The diagnostic pathway for primary aldosteronism (PA) involves screening with an aldosterone-renin ratio (ARR); confirmatory testing with a saline suppression test (SST); and subtyping with adrenal venous sampling (AVS). Medication switching may be required as commonly used anti-hypertensives affect renin and/or aldosterone, with the potential to cause false results. Our study aims to evaluate the role of medication switching and full diagnostic workup of PA in elderly patients.
Clinical and biochemical data were collected retrospectively for patients who attended the Endocrine Hypertension Service at Monash Health between May 2016 to December 2019. Participants were stratified into elderly ( 65 years) and non-elderly (< 65 years) groups, and further divided according to treatment received and PA subtype.

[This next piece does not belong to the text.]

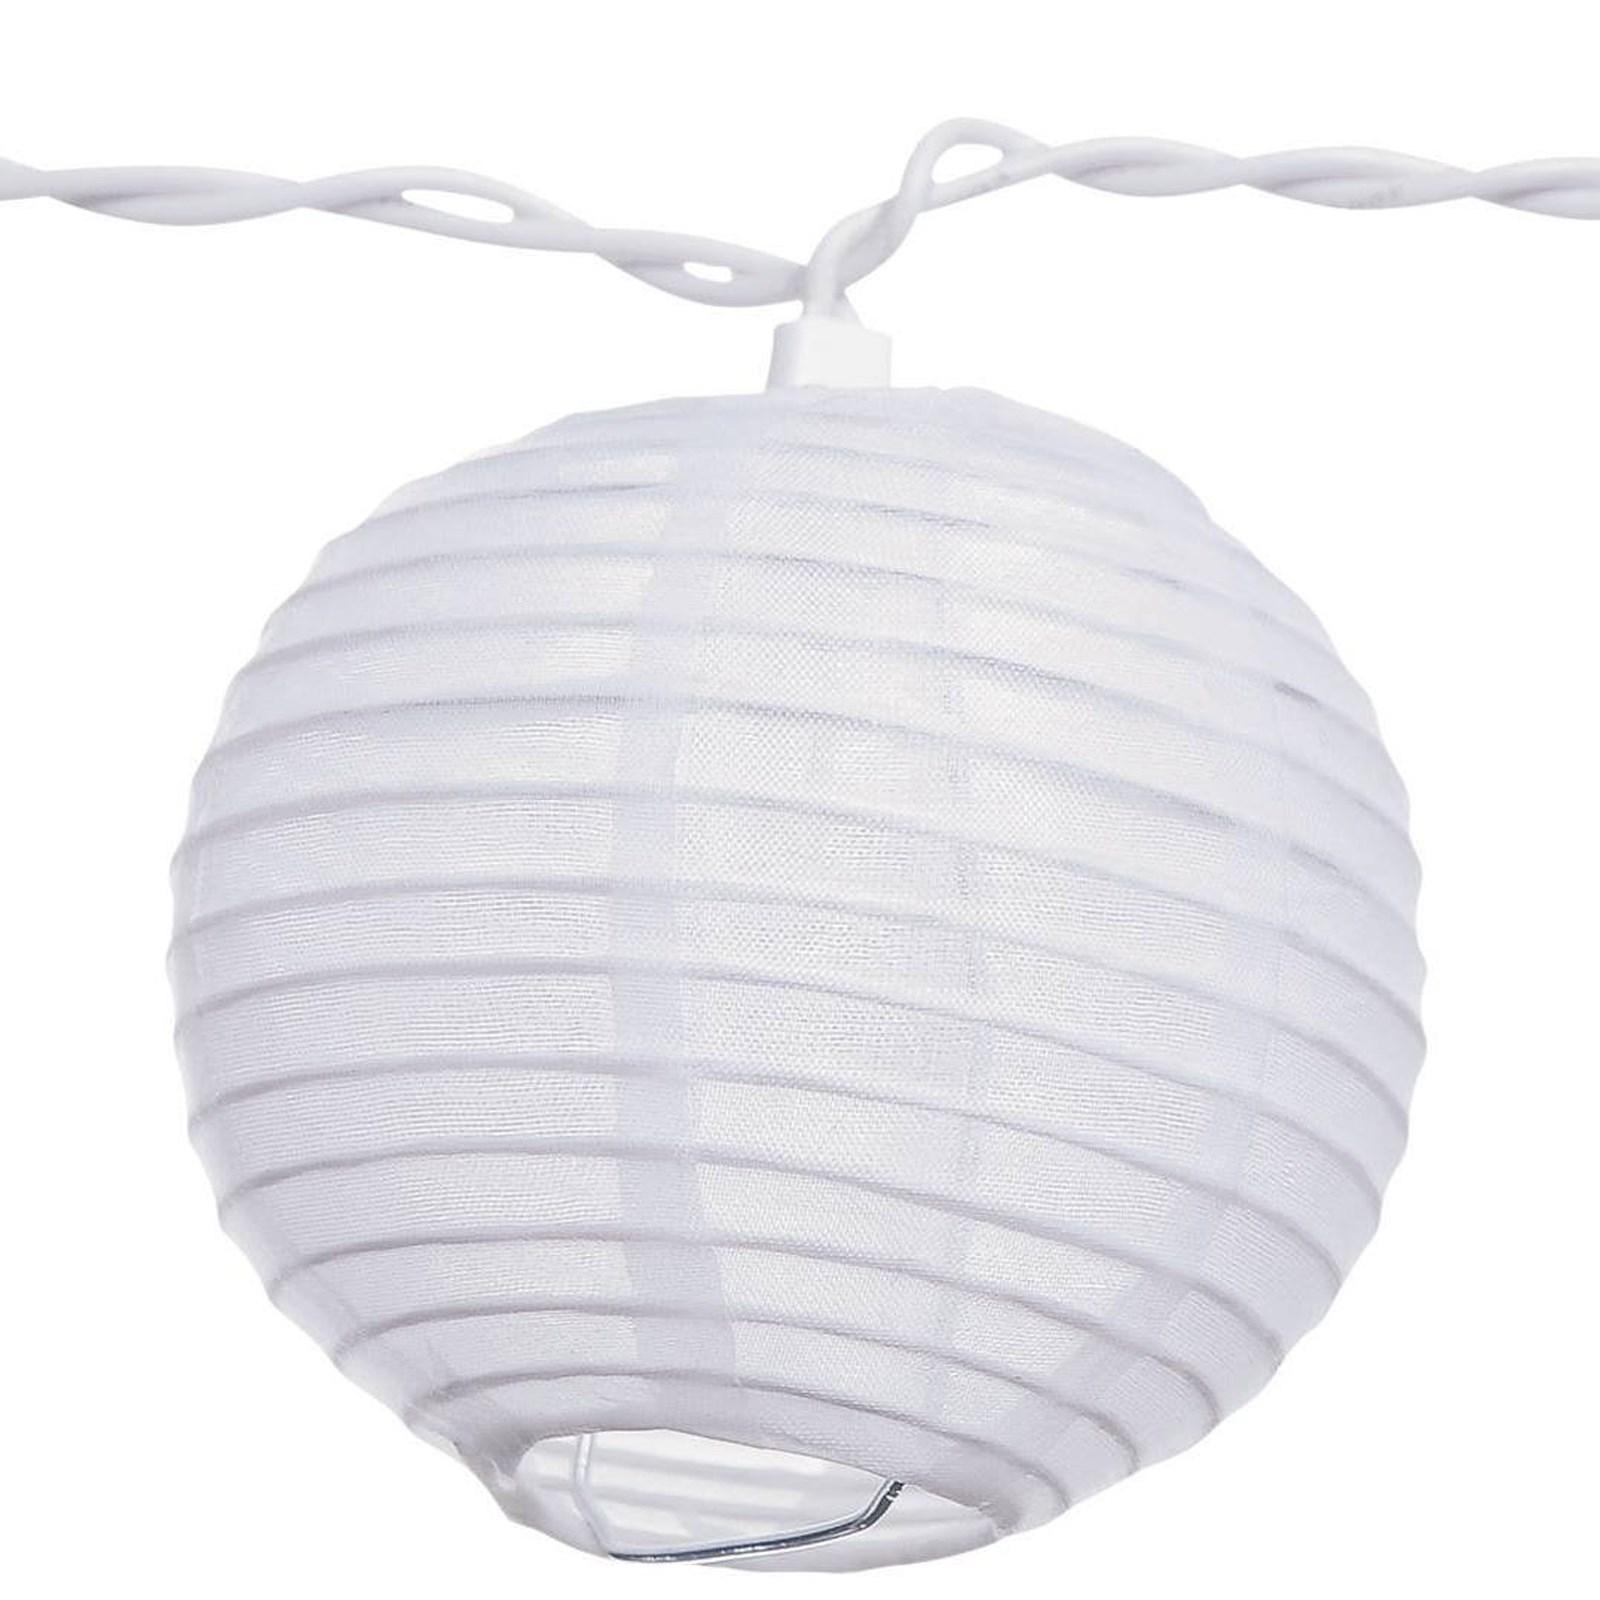 Round Lantern String Lights : Round Lantern String Lights (11 Feet Long) BuyCostumes.com
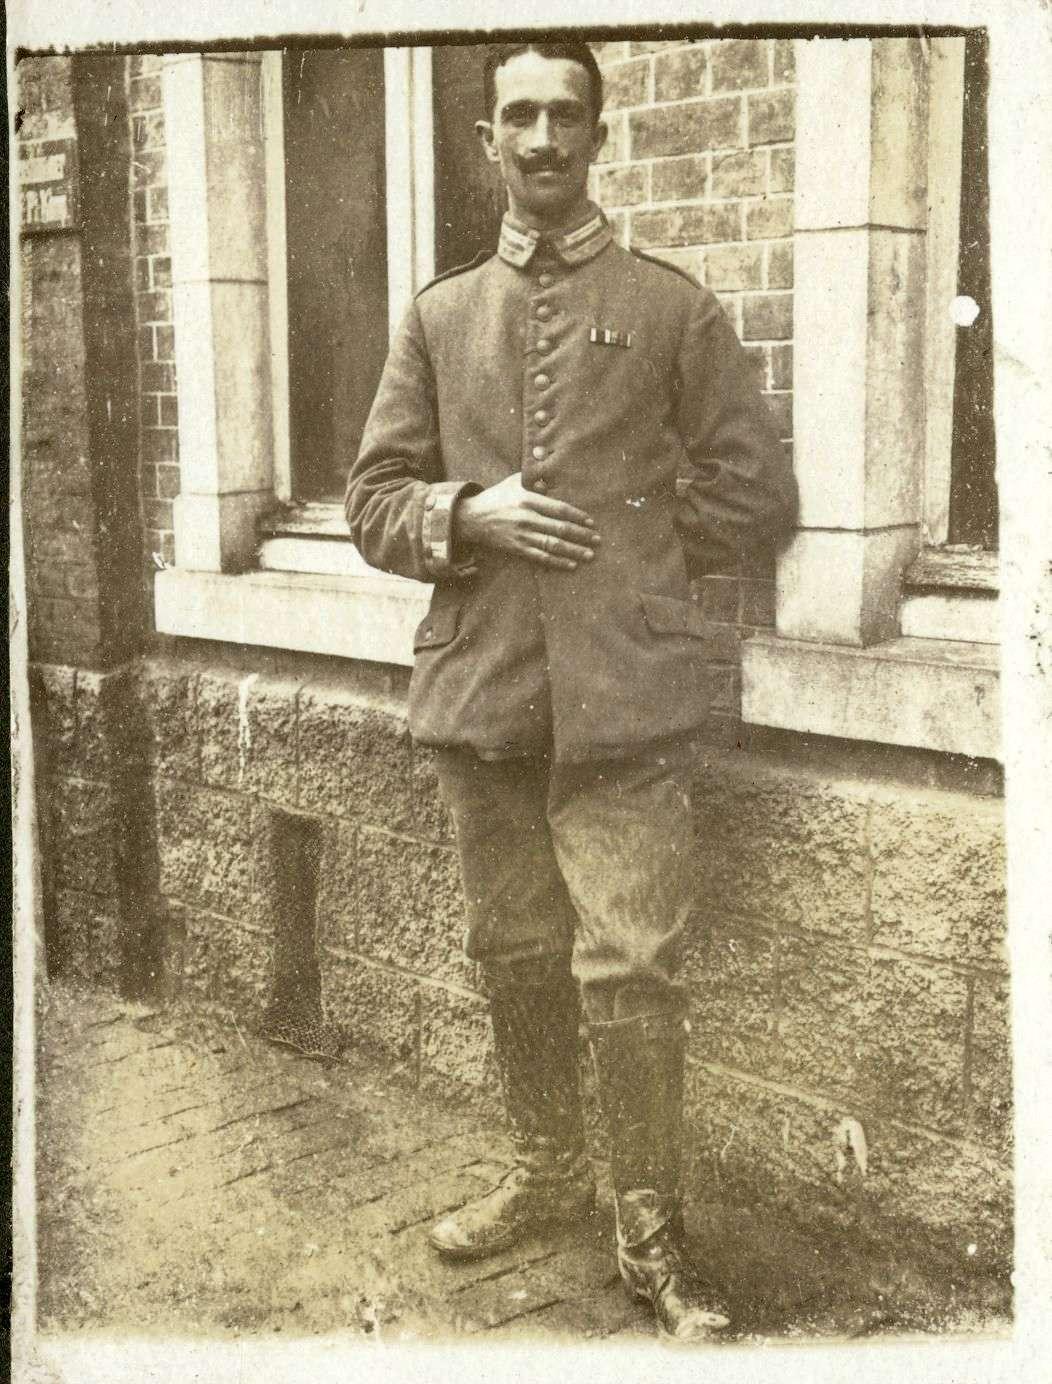 Hamma, Franz Paul, Bild 1

The study participants (n = 306) were stratified into elderly (n = 76, median age 71 years) and non-elderly (n = 230, median age 56 years) groups. Elderly patients less frequently underwent medication switching (29/76, 45% vs 118/230, 74%) or full diagnostic workup with AVS (18/76, 24% vs 107/230, 47%) compared to non-elderly patients. Elderly patients who received empirical mineralocorticoid receptor antagonist (MRA) treatment without undergoing SST or AVS had similar outcomes to those who received MRA following full workup, with comparable systolic blood pressure (140 mmHg vs 129 mmHg), serum potassium (4.6 mmol/L vs 4.7 mmol/L) and plasma renin concentration (13 mU/L vs 15 mU/L) following initiation of MRA therapy. However, the empirically treated group continued to take more anti-hypertensive medications (3 compared to 1 ).
Our study demonstrated that complete PA workup in elderly patients may lead to a greater reduction in the number of anti-hypertensive medications required for blood pressure control. However, when full diagnostic workup is not feasible, empirical MRA treatment may lead to similar clinical and biochemical outcomes.